# RAW DATA
+-------+

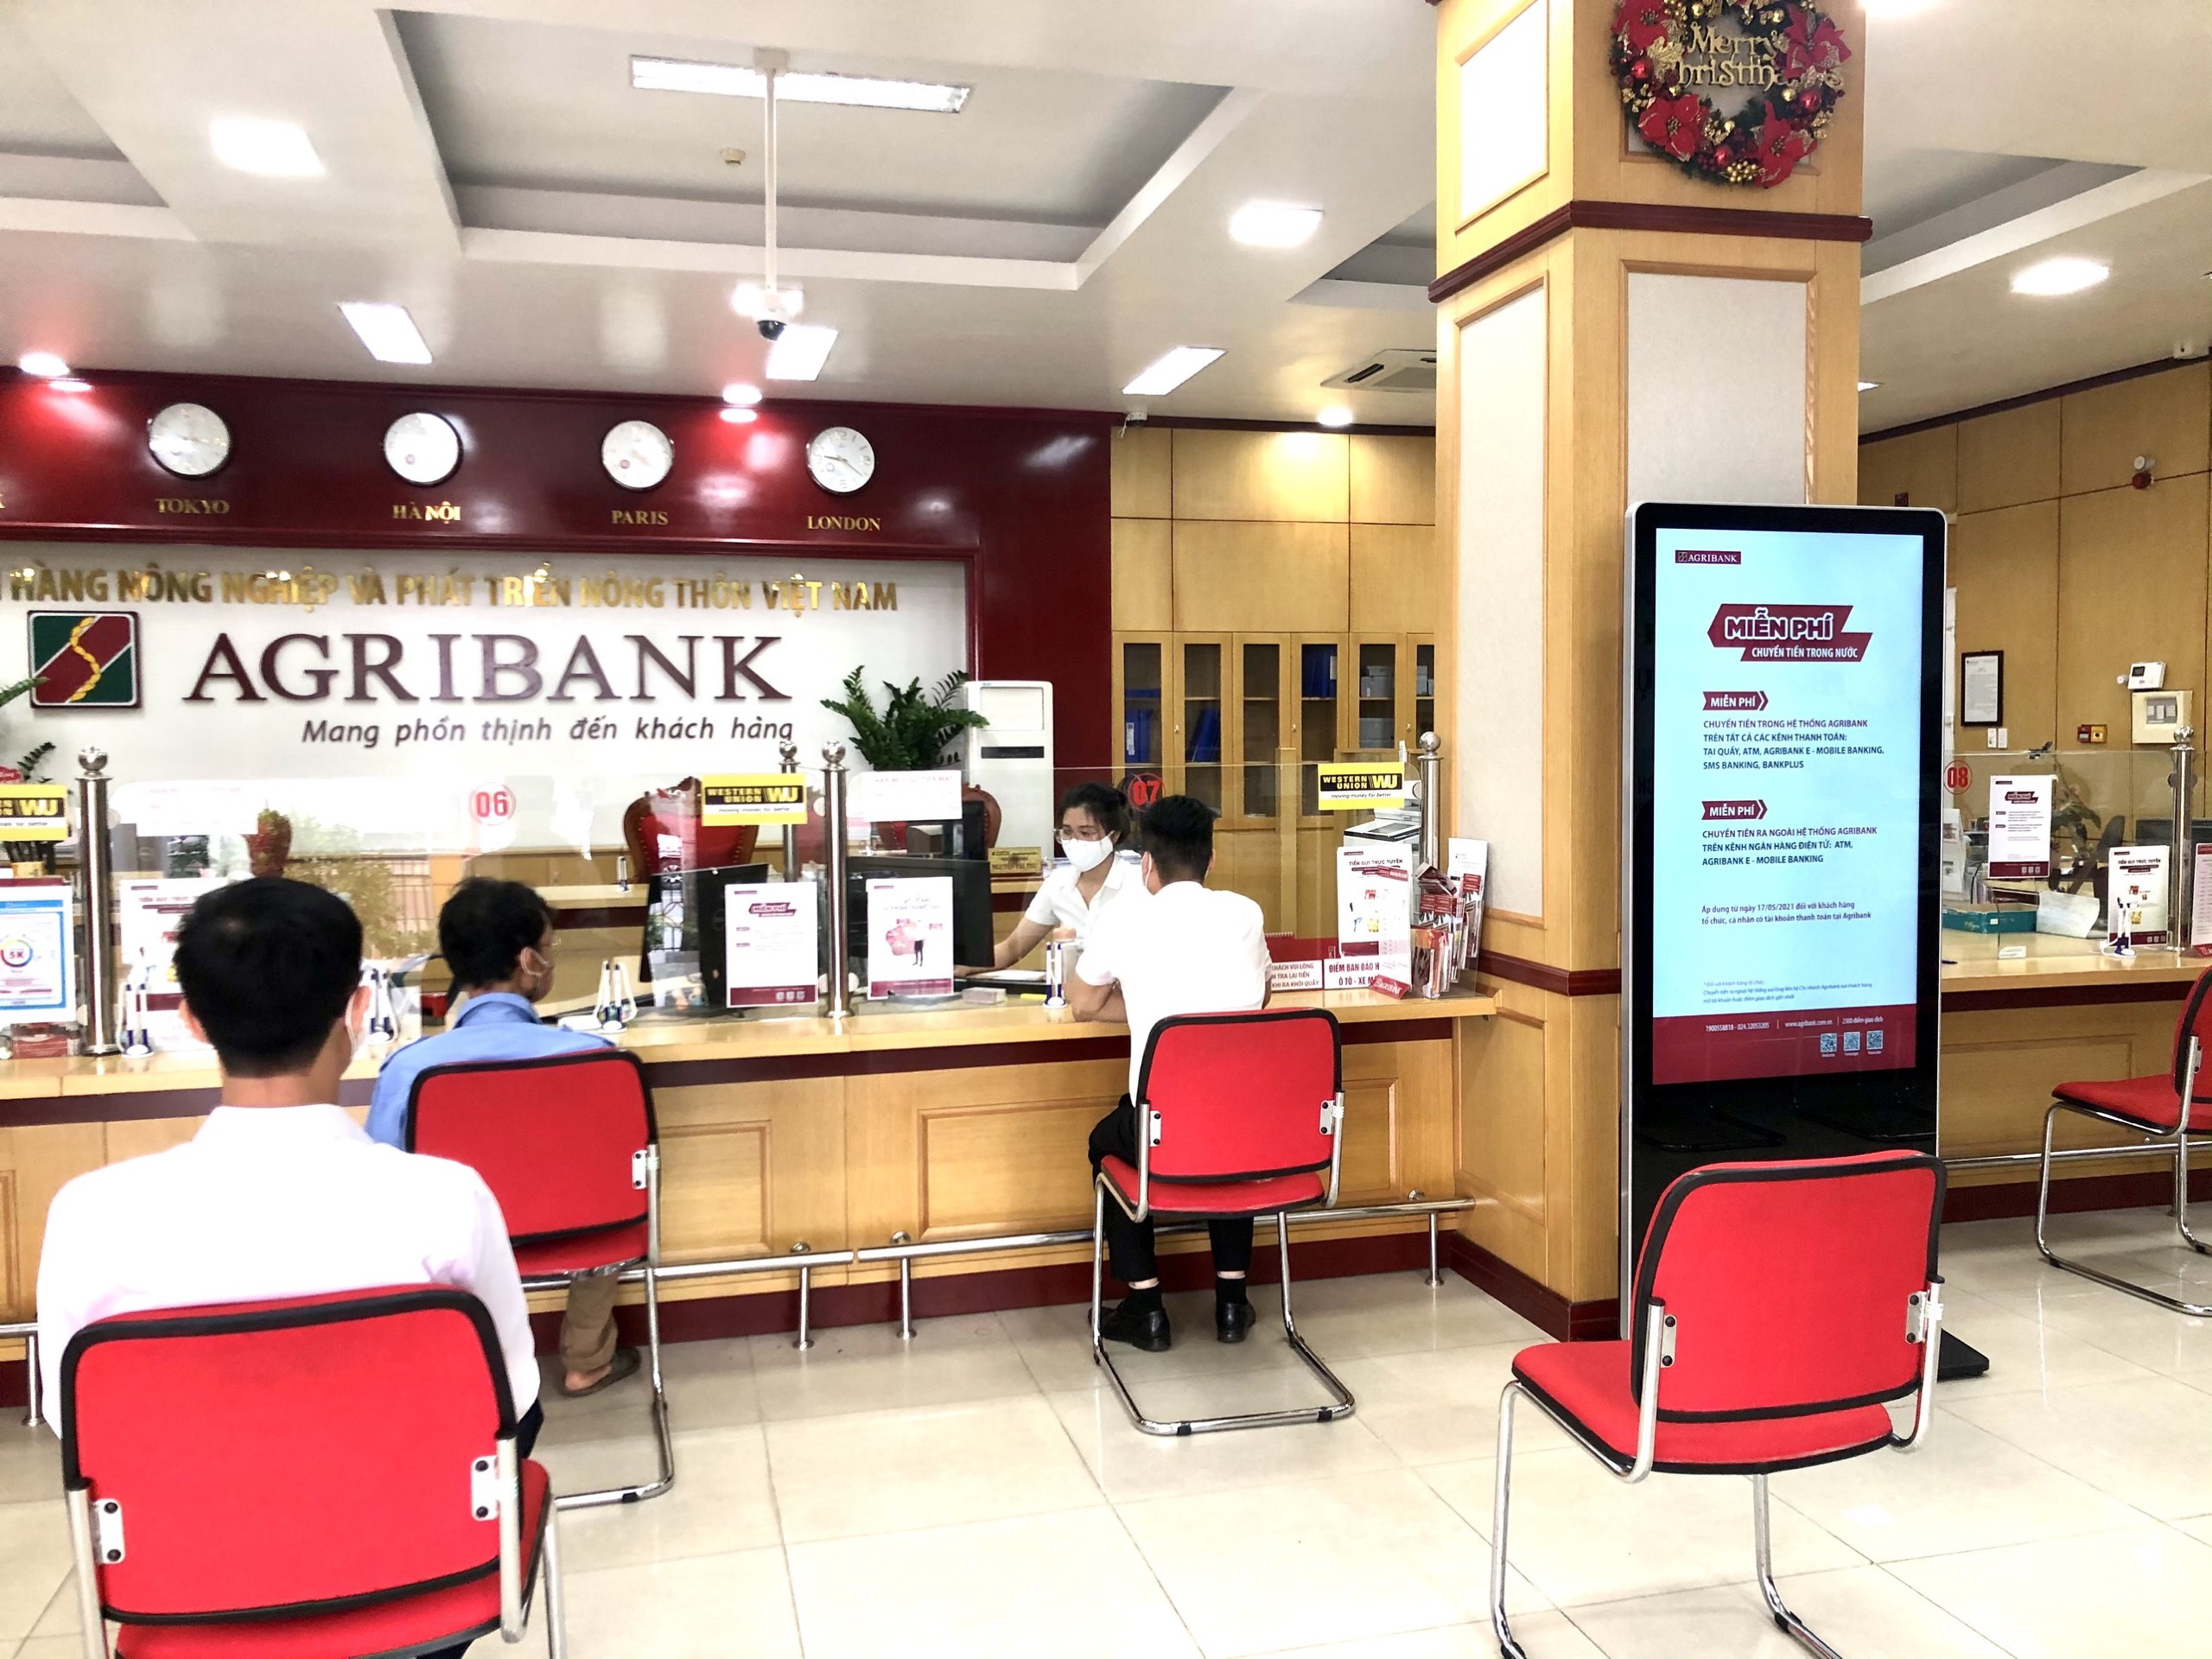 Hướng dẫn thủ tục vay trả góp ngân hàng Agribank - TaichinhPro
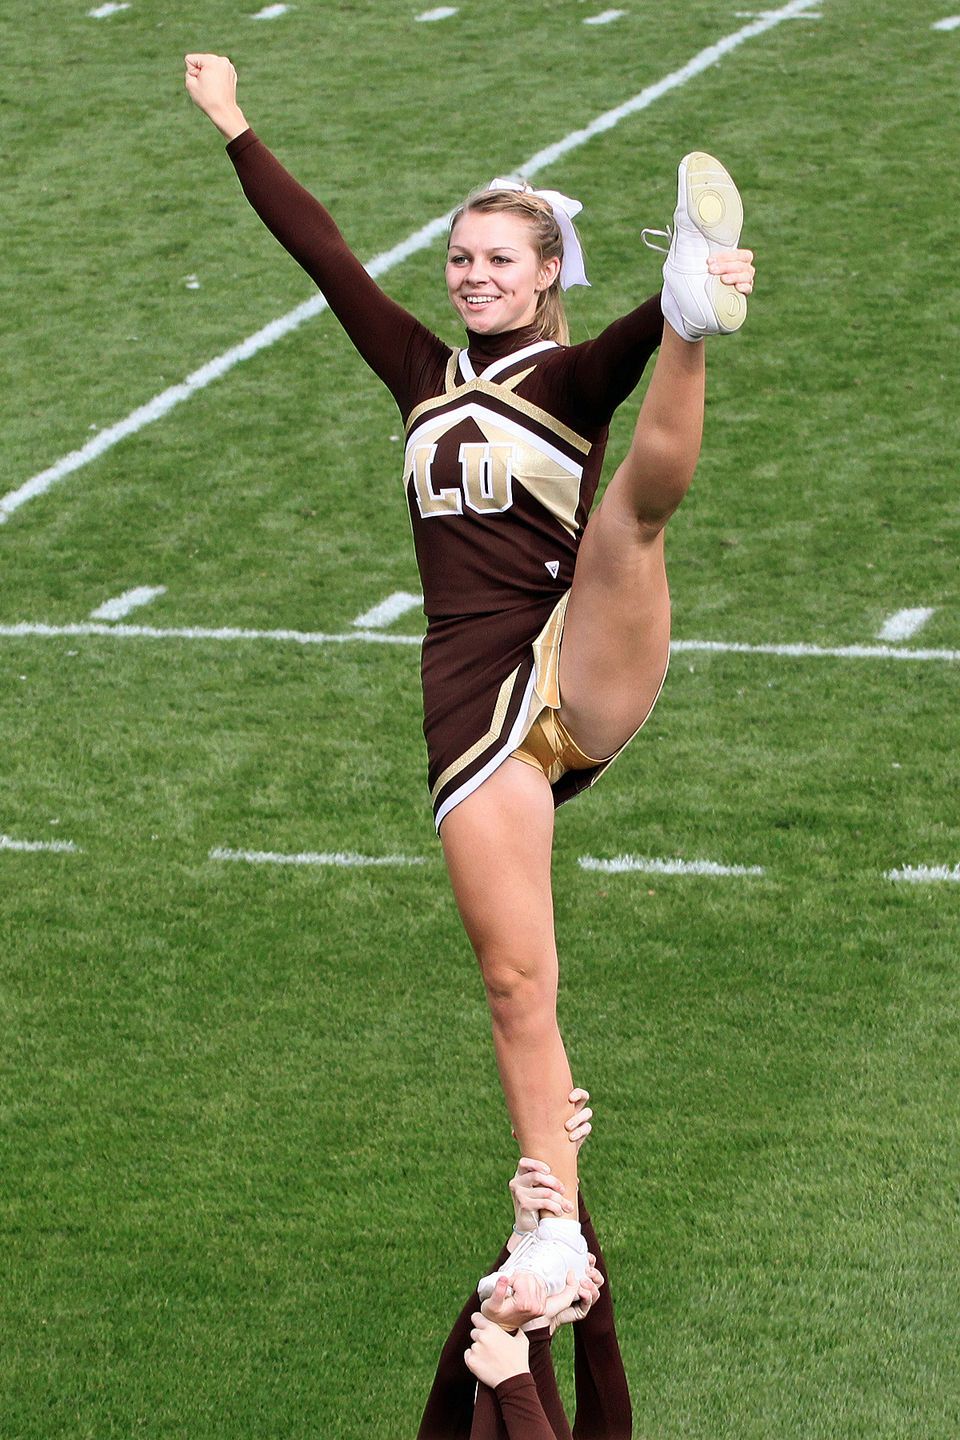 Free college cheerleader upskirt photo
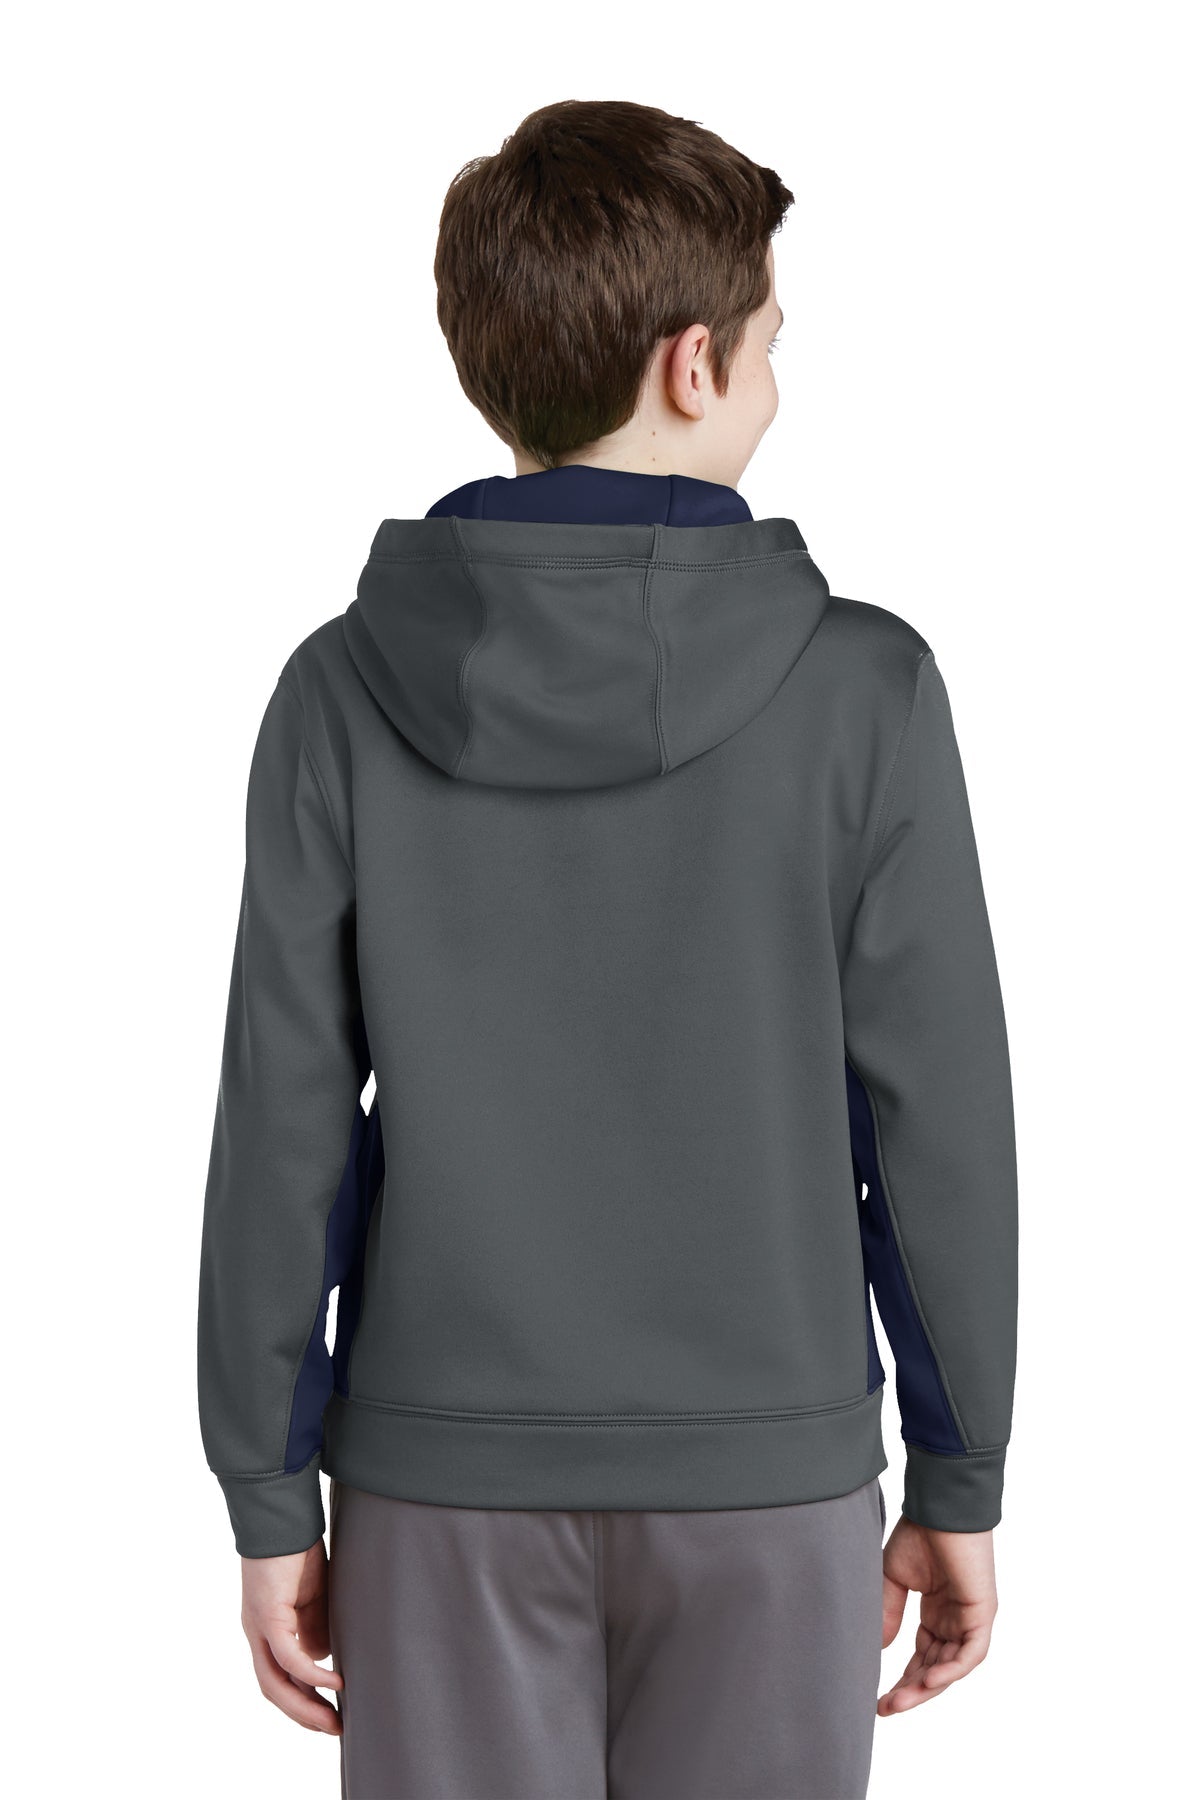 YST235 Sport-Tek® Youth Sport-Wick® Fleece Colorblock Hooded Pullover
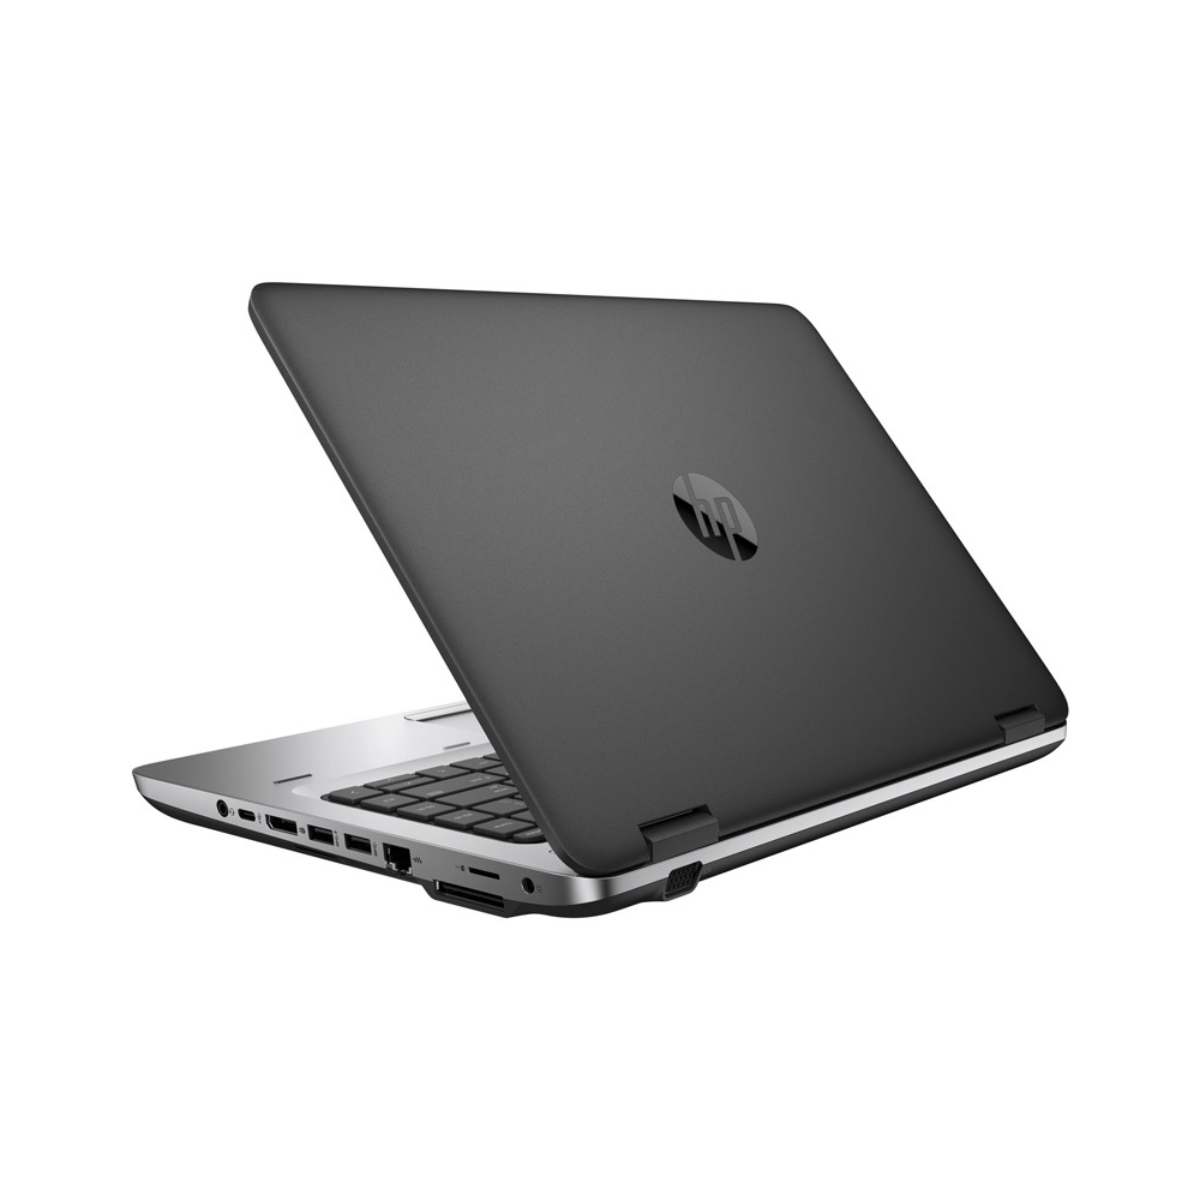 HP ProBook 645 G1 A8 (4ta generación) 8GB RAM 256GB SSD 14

+-------+

# DIRECTIONS FOR THIS TASK
Pictures are to be excluded; all other material must be transcribed exactly.

# RESULT FOR THIS EXERCISE
 Hướng dẫn thủ tục vay trả góp ngân hàng Agribank - TaichinhPro
 Free college cheerleader upskirt photo
 YST235 Sport-Tek® Youth Sport-Wick® Fleece Colorblock Hooded Pullover
 HP ProBook 645 G1 A8 (4ta generación) 8GB RAM 256GB SSD 14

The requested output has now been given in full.